What is being asked —
The expected output is an exact copy of each line from the line with "Jacob Cohen Jeans Denim in Blue for Men" through the end of the data below, with no pictures in it.

Collected material —
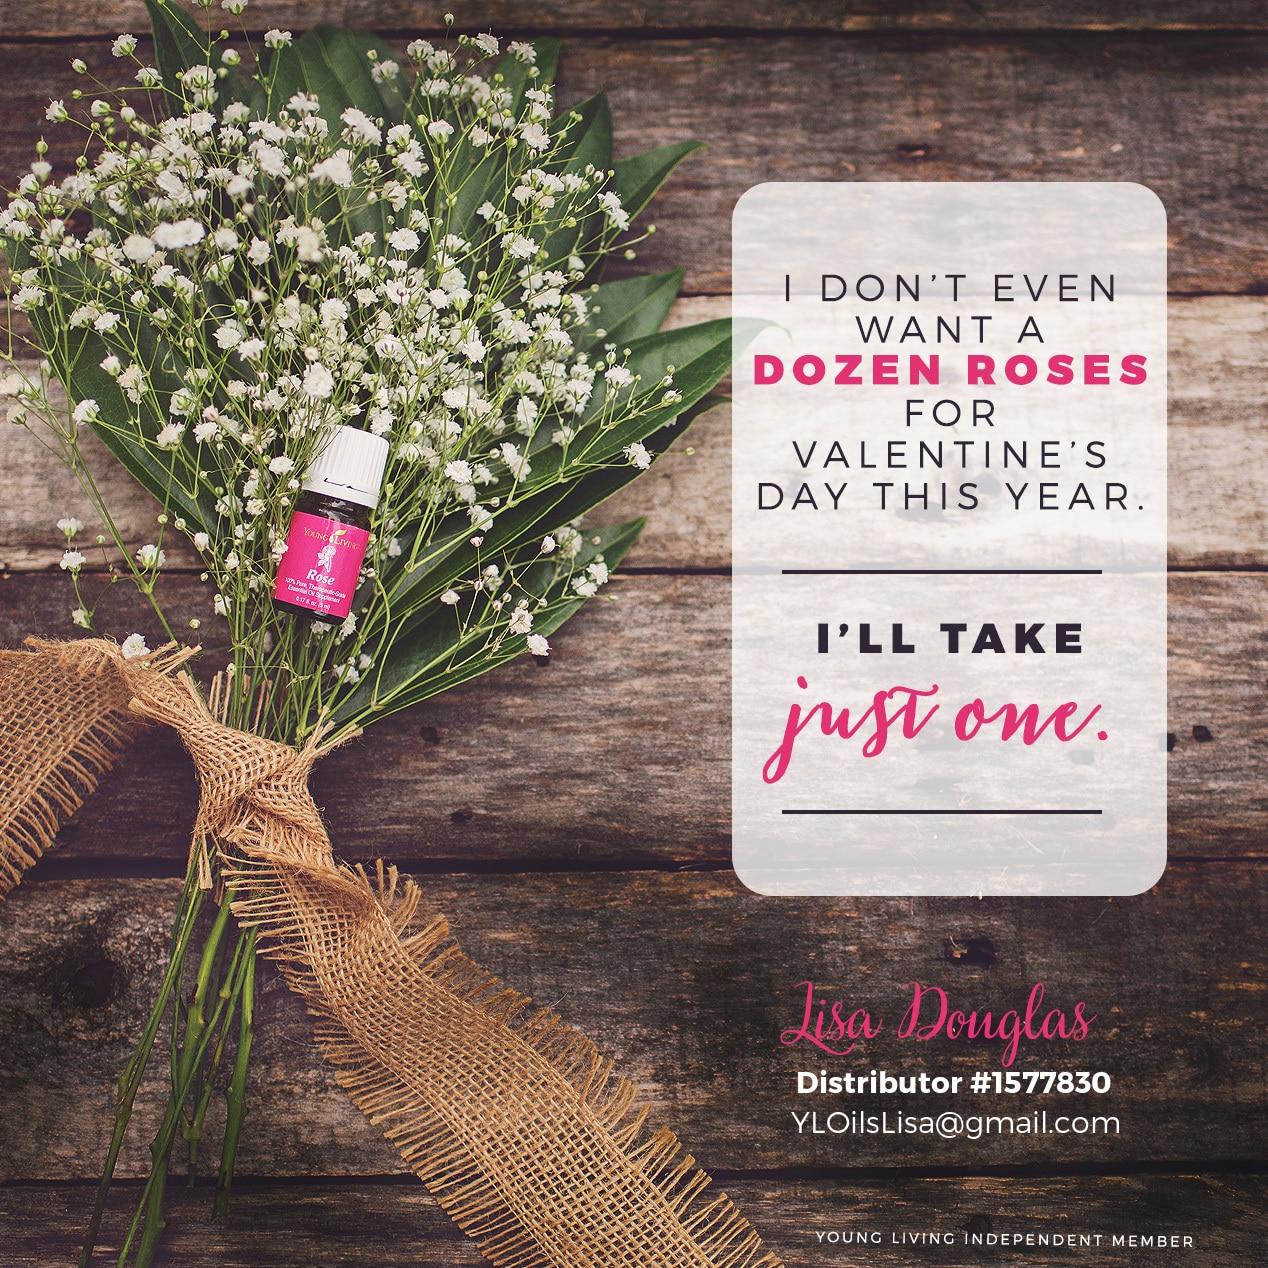 Rose Oil for Valentine's Day
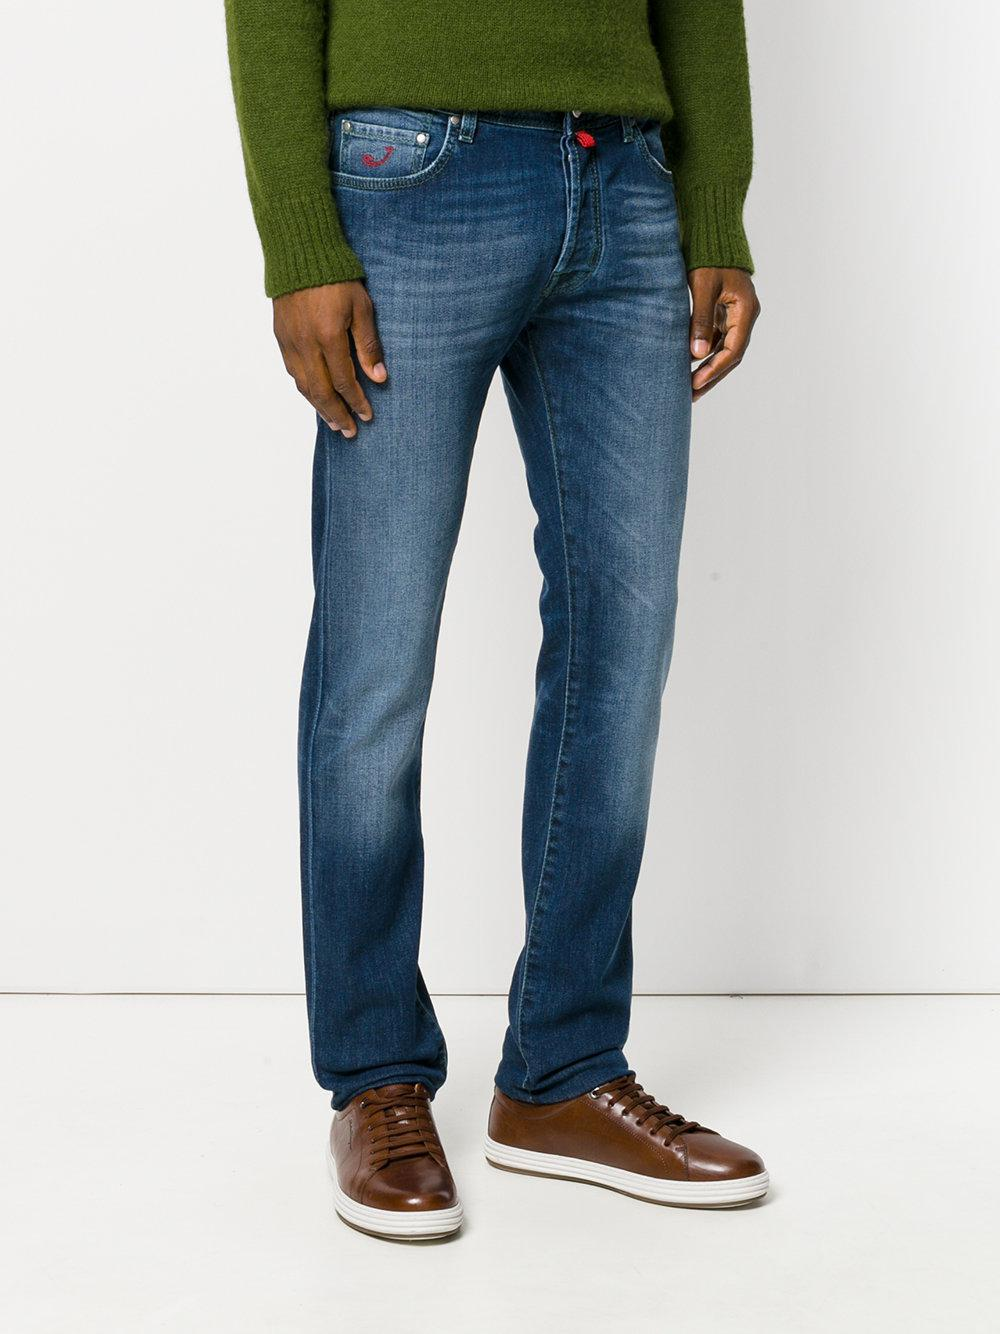 Jacob Cohen Jeans Denim in Blue for Men
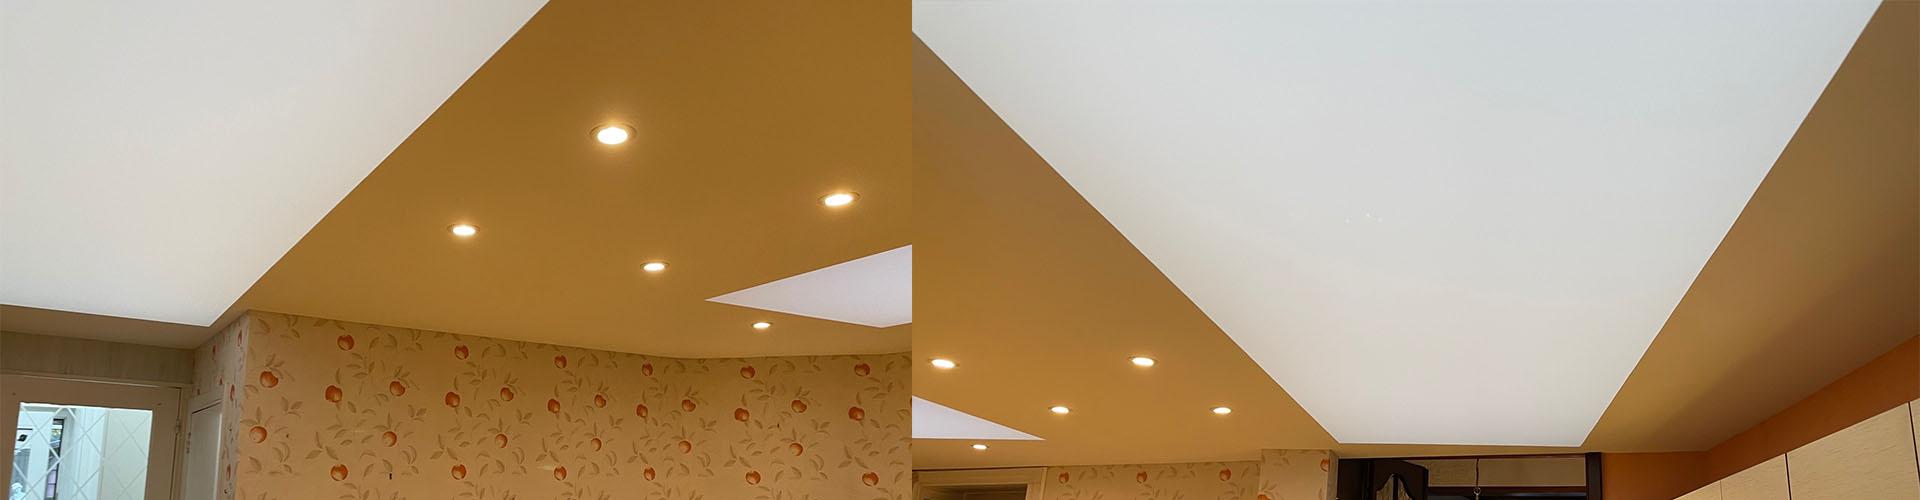 spanplafond05

Solution for this exercise —
 Jacob Cohen Jeans Denim in Blue for Men
 spanplafond05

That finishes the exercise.